__What you have to do__.
Only the lines from the one containing "Patatas fritas Campesinas (170grs) Image" through the last line of the material should be returned, each exactly as it stands.

__Data records__.

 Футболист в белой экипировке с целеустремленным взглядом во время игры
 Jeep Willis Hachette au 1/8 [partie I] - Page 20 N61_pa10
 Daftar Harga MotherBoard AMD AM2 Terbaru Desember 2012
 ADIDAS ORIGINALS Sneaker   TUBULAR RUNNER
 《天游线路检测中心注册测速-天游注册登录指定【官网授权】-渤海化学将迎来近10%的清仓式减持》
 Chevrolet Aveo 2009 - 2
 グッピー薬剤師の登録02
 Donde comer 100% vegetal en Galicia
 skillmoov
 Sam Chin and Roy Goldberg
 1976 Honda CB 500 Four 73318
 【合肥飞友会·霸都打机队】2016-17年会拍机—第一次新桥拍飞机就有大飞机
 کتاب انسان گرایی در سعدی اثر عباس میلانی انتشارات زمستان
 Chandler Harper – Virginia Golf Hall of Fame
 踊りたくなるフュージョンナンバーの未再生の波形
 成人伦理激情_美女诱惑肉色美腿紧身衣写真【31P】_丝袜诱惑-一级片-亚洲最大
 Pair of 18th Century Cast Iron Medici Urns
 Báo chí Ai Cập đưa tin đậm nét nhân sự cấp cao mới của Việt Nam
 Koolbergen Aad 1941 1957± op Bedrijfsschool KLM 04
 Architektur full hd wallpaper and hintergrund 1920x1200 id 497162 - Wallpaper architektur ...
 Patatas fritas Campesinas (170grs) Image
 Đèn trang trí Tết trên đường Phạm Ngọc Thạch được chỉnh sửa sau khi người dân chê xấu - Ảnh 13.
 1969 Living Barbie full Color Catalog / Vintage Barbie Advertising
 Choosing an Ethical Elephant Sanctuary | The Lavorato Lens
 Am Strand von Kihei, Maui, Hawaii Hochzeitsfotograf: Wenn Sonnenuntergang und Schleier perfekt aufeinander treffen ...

__Expected answer__.
 Patatas fritas Campesinas (170grs) Image
 Đèn trang trí Tết trên đường Phạm Ngọc Thạch được chỉnh sửa sau khi người dân chê xấu - Ảnh 13.
 1969 Living Barbie full Color Catalog / Vintage Barbie Advertising
 Choosing an Ethical Elephant Sanctuary | The Lavorato Lens
 Am Strand von Kihei, Maui, Hawaii Hochzeitsfotograf: Wenn Sonnenuntergang und Schleier perfekt aufeinander treffen ...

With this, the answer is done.